Only the pictures are to be dropped; return all other data below exactly.

- [DATA BELOW]:
****************************************

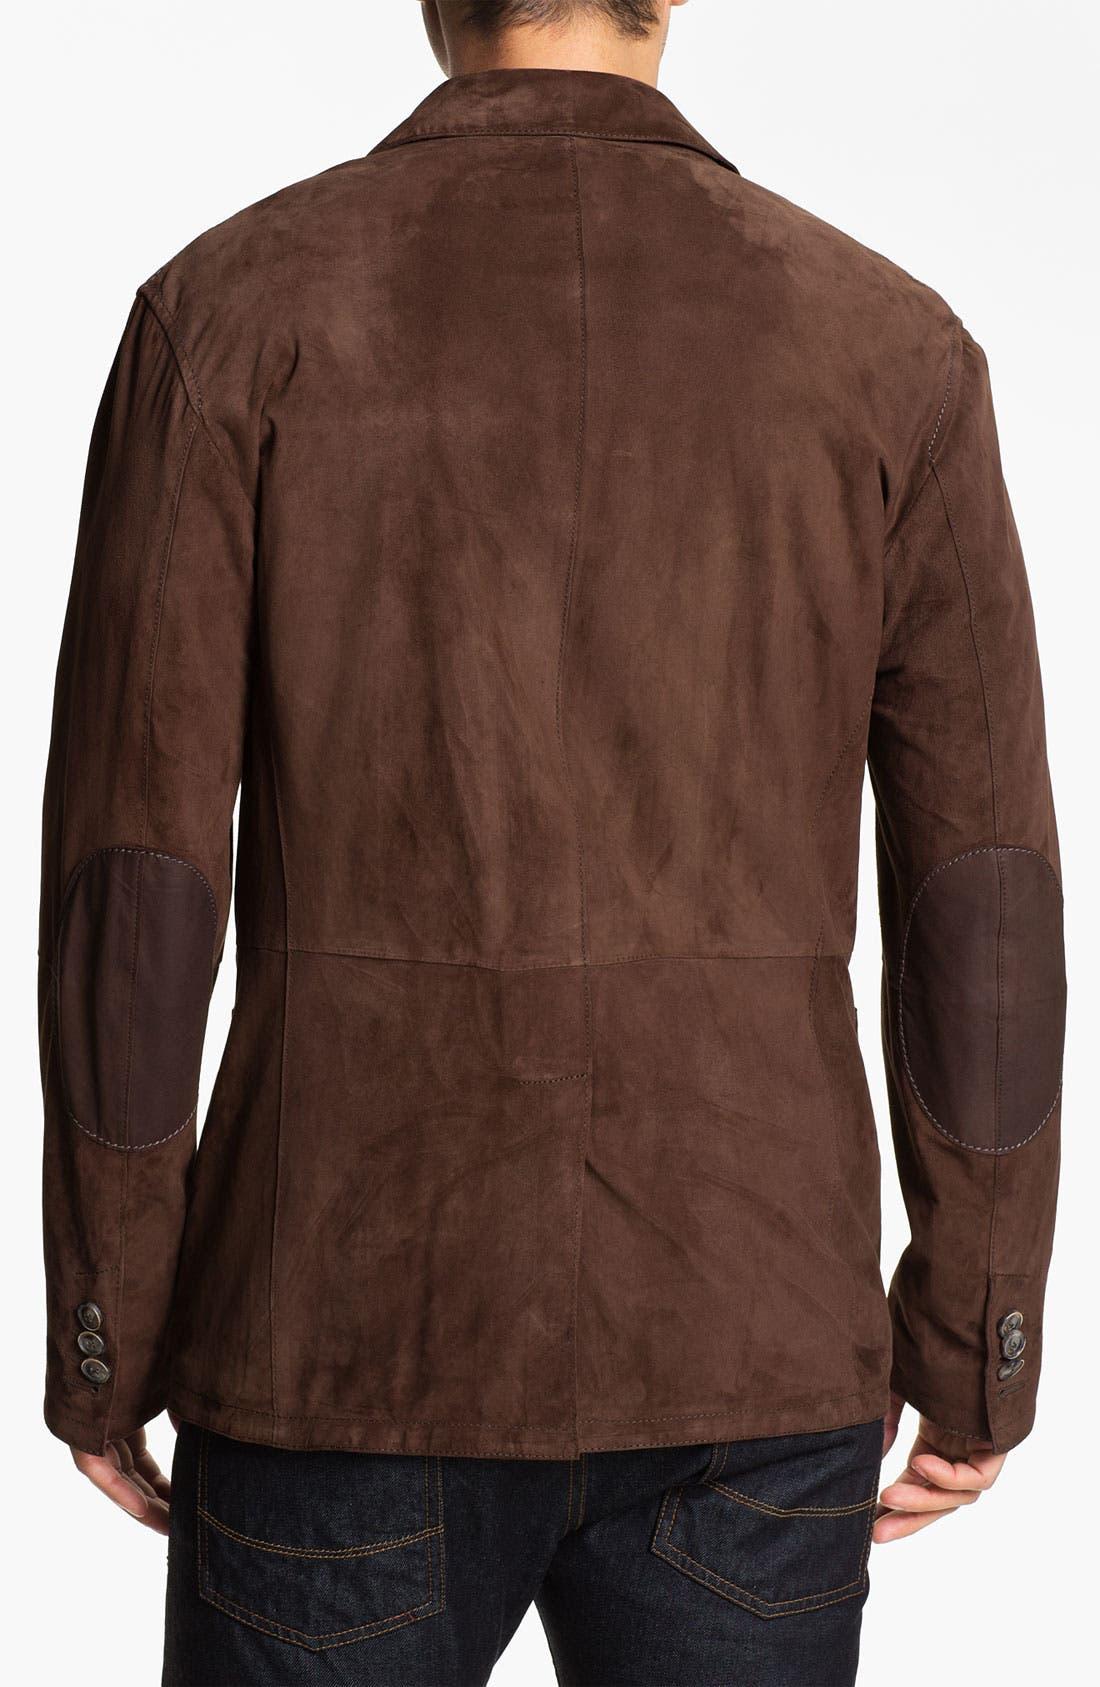 Goatskin Suede Jacket,                             Alternate thumbnail 3, color,                             200
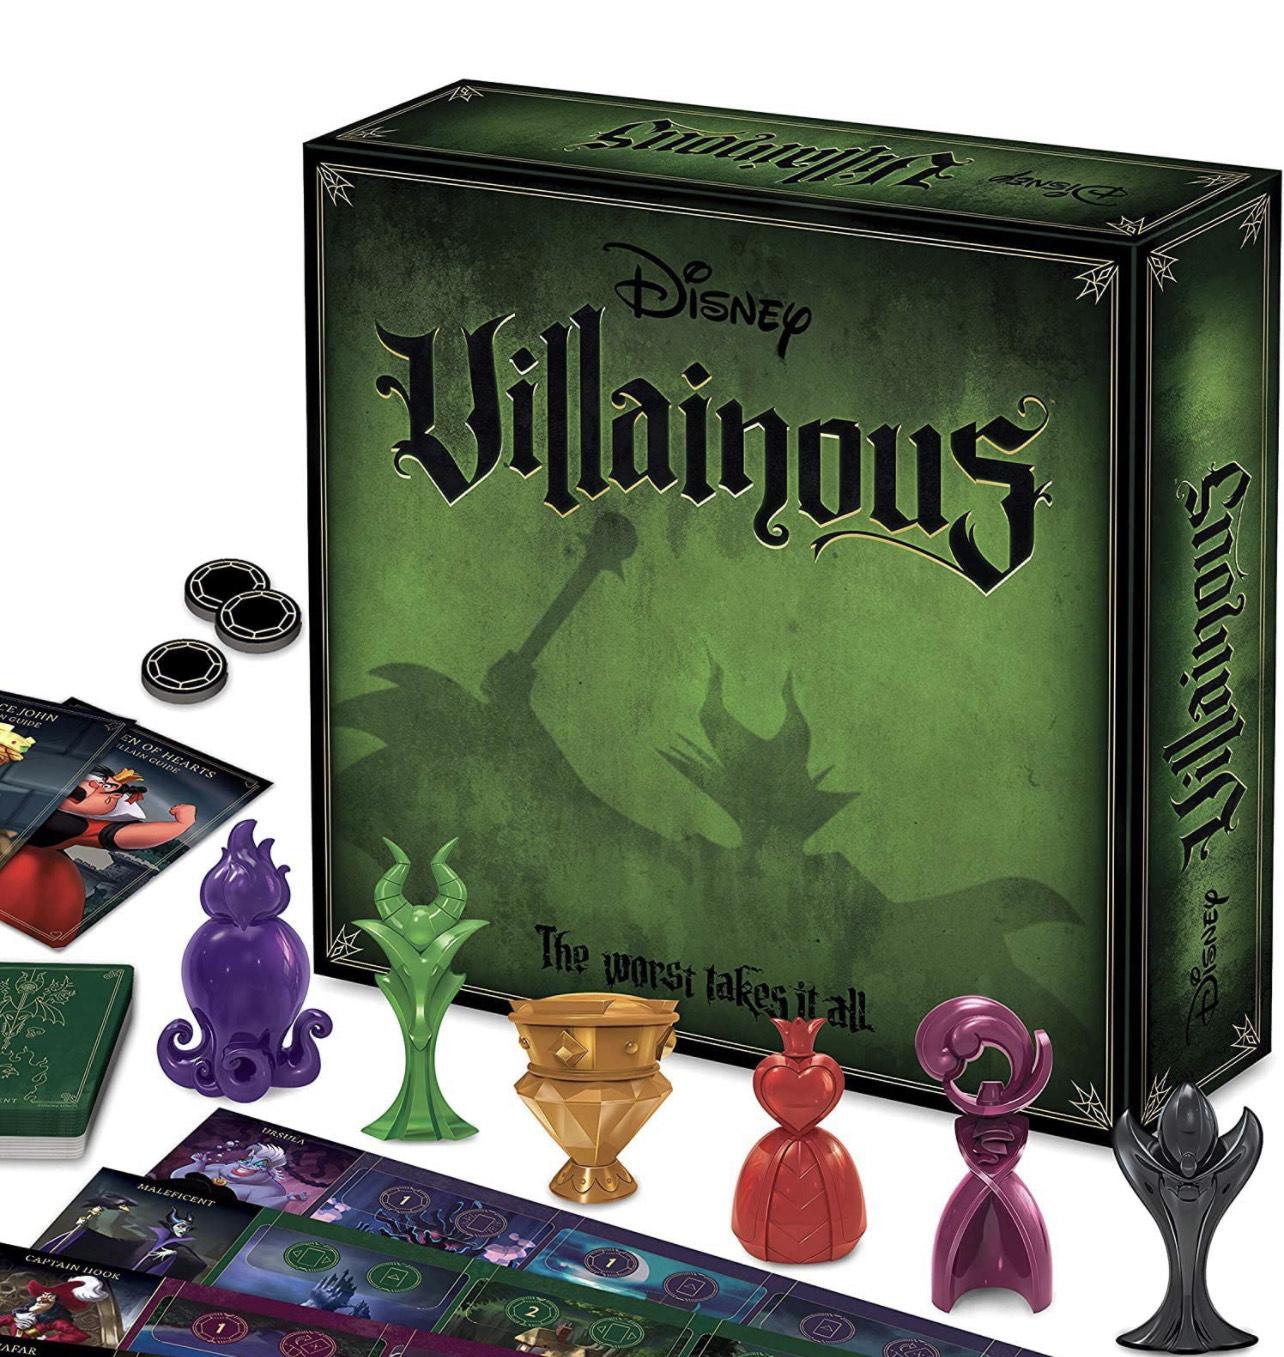 Ravensburger Disney Villainous - Expandable Strategy Game For Kids & Adults - £20.99 @ Amazon
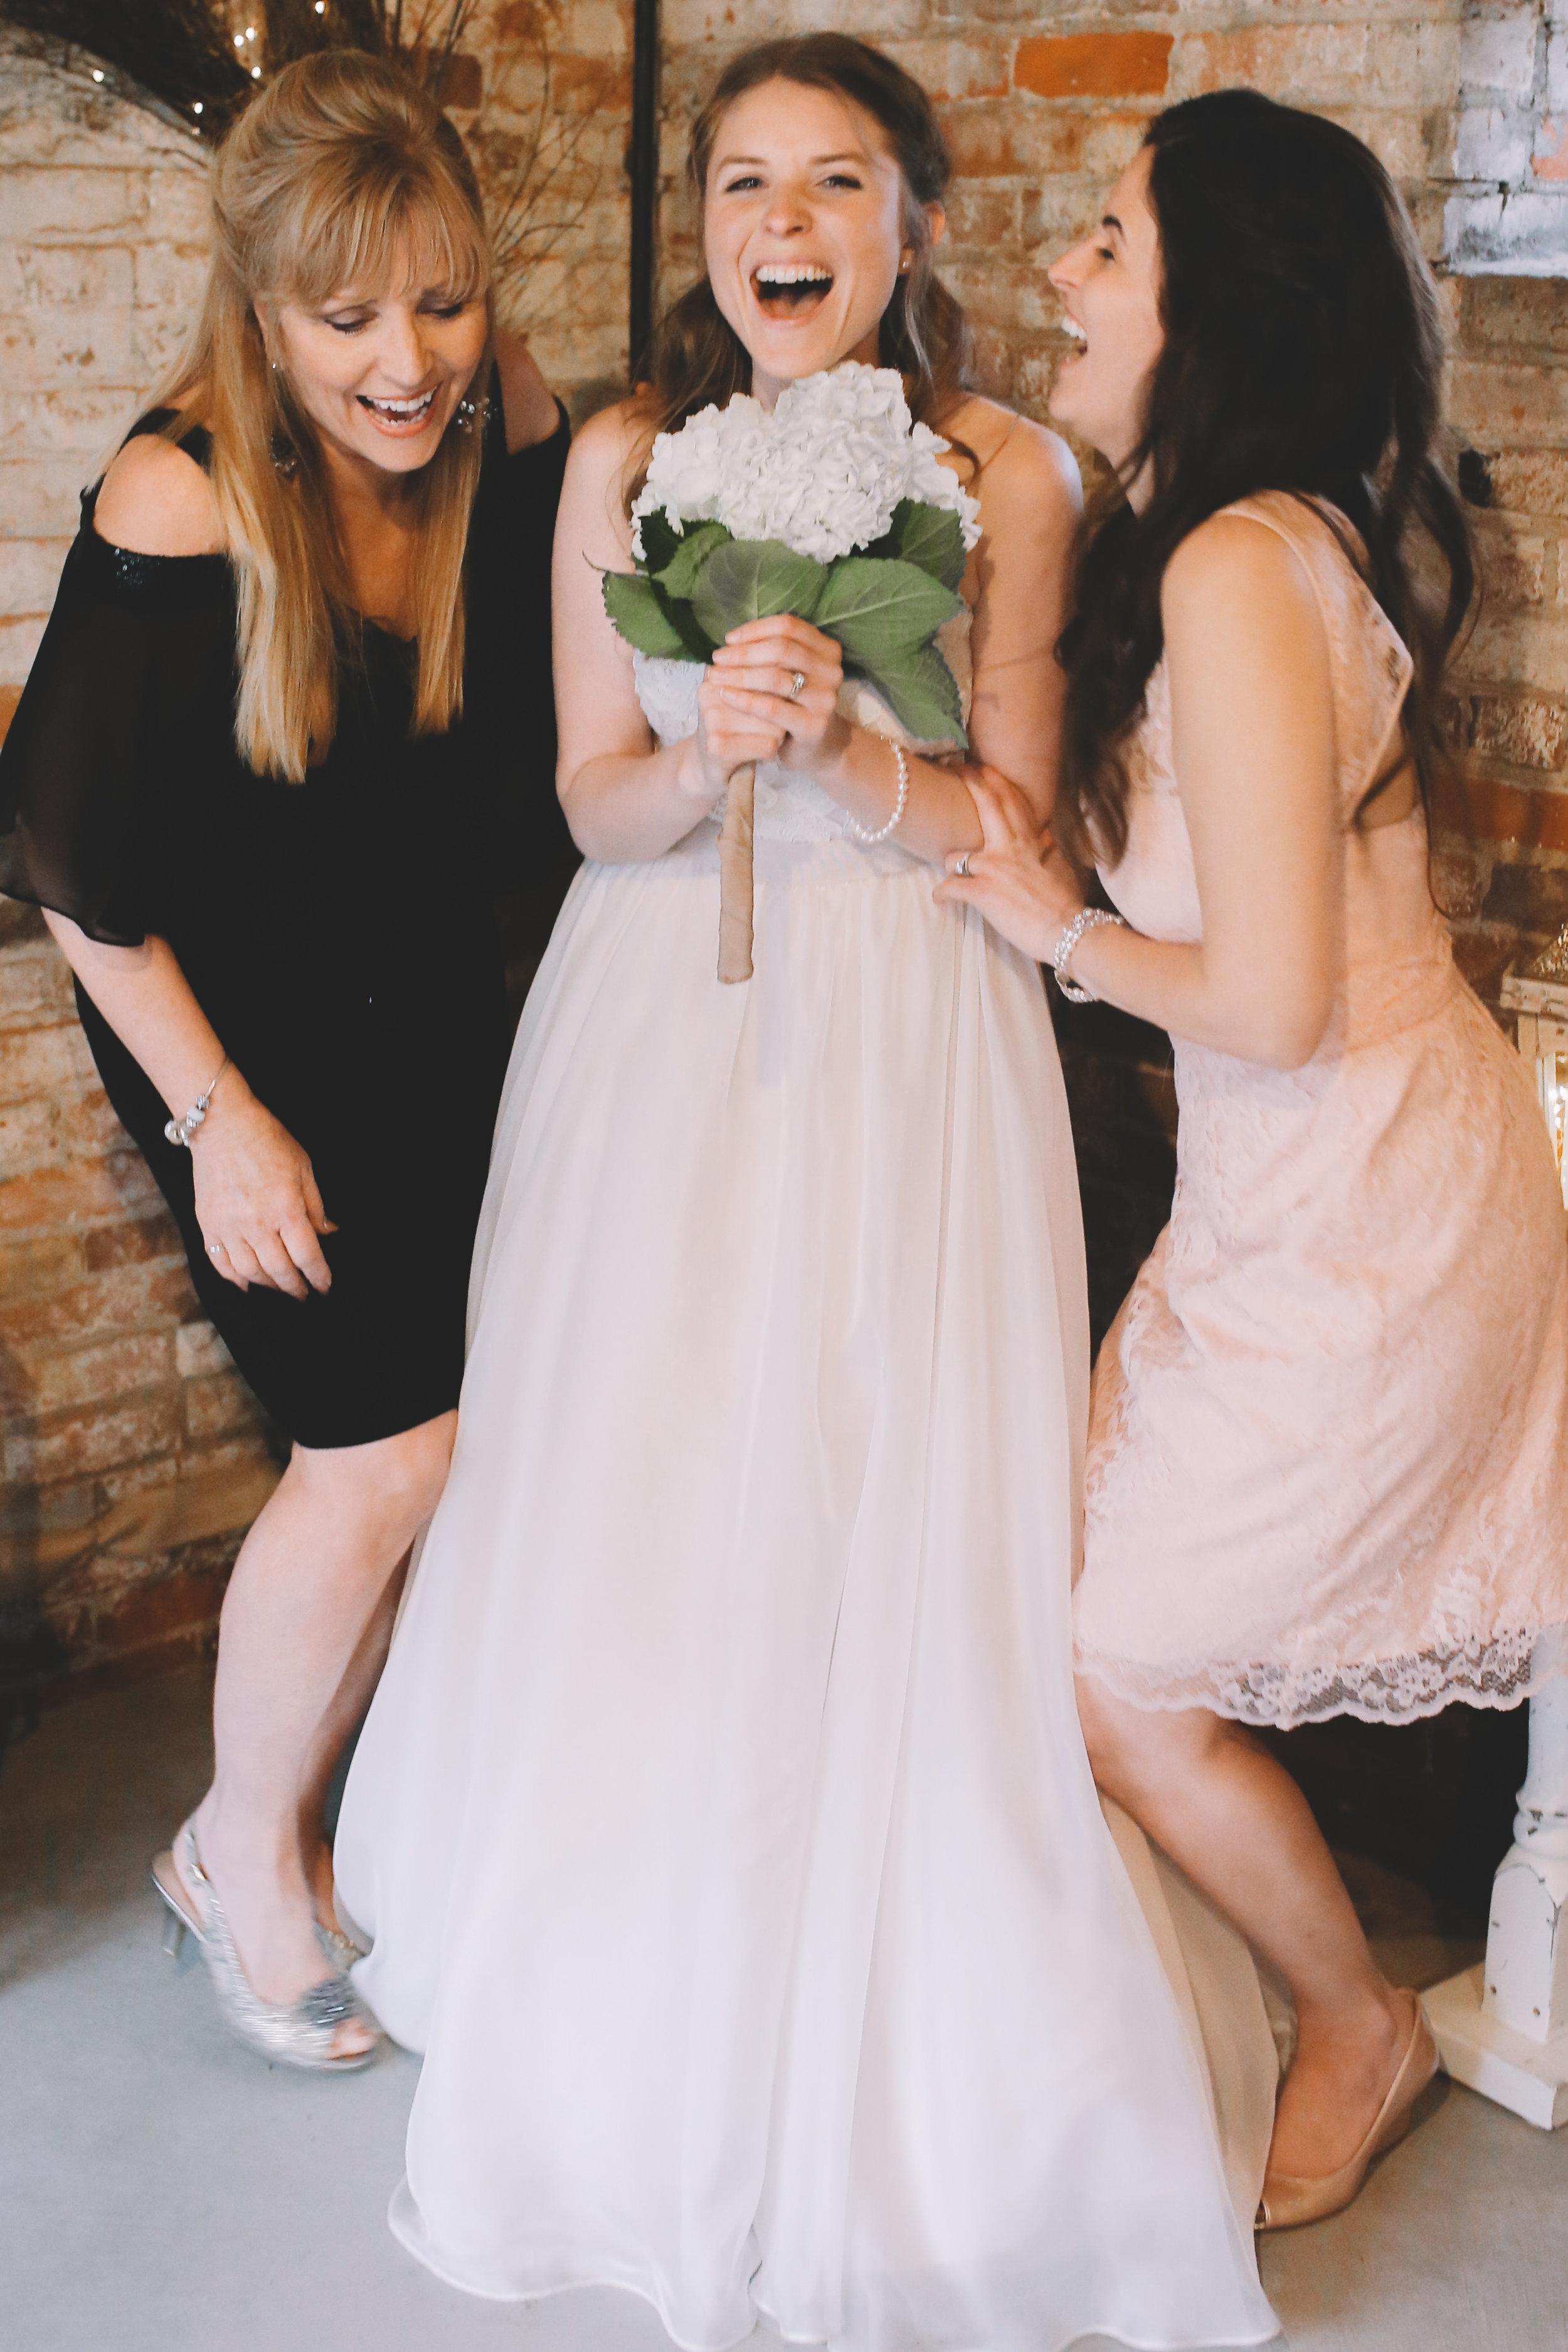 Jake + Brittney Balbas Airbnb Carriage House Wedding Evansville IN (172 of 426).jpg
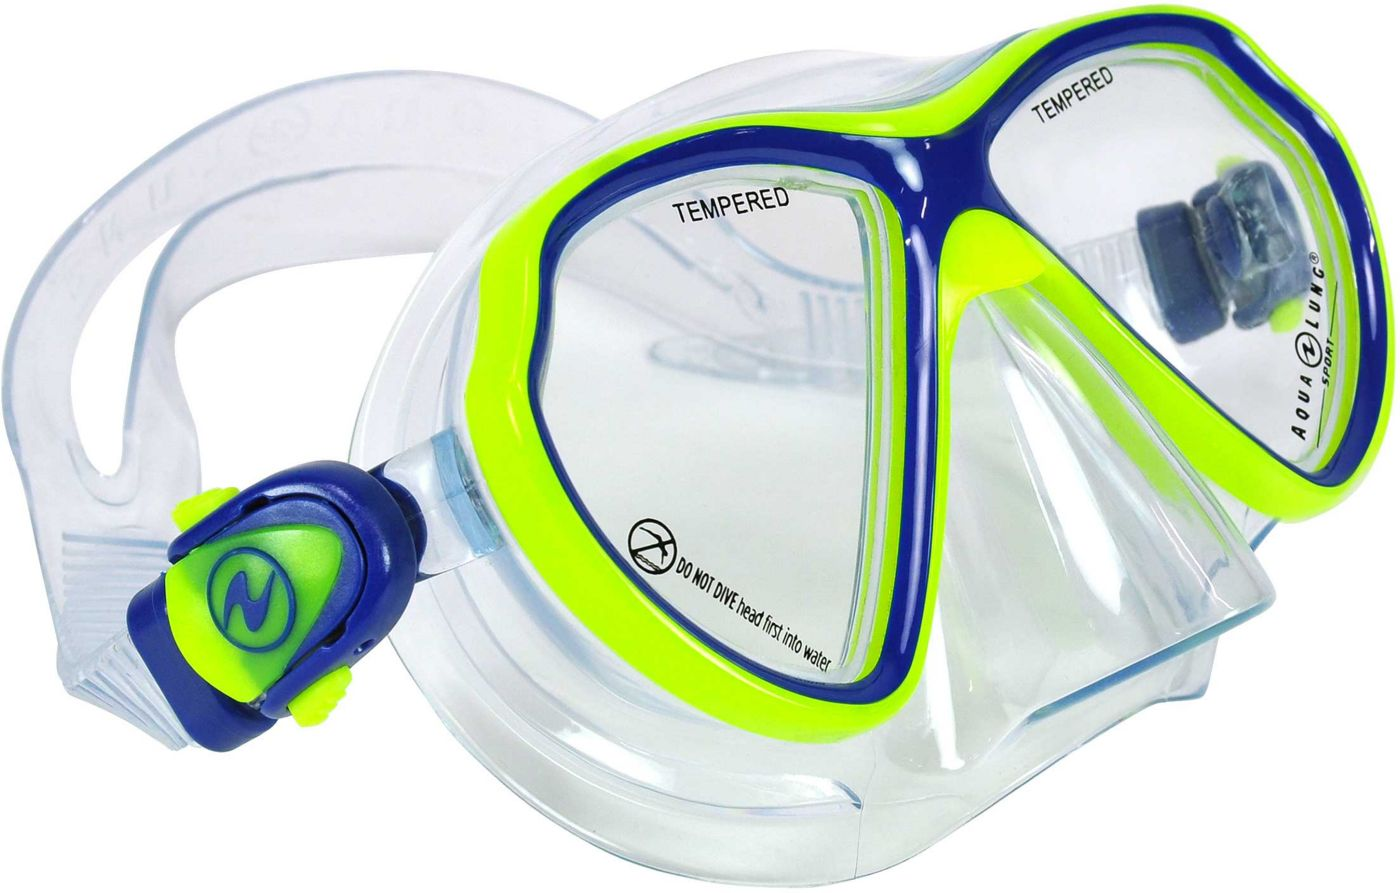 Aqua Lung Sport Jr. Lanai Snorkeling Mask

****************************************

- [SOLUTION TO THE EXERCISE]:
 Goatskin Suede Jacket,                             Alternate thumbnail 3, color,                             200
 Ravensburger Disney Villainous - Expandable Strategy Game For Kids & Adults - £20.99 @ Amazon
 Jake + Brittney Balbas Airbnb Carriage House Wedding Evansville IN (172 of 426).jpg
 Aqua Lung Sport Jr. Lanai Snorkeling Mask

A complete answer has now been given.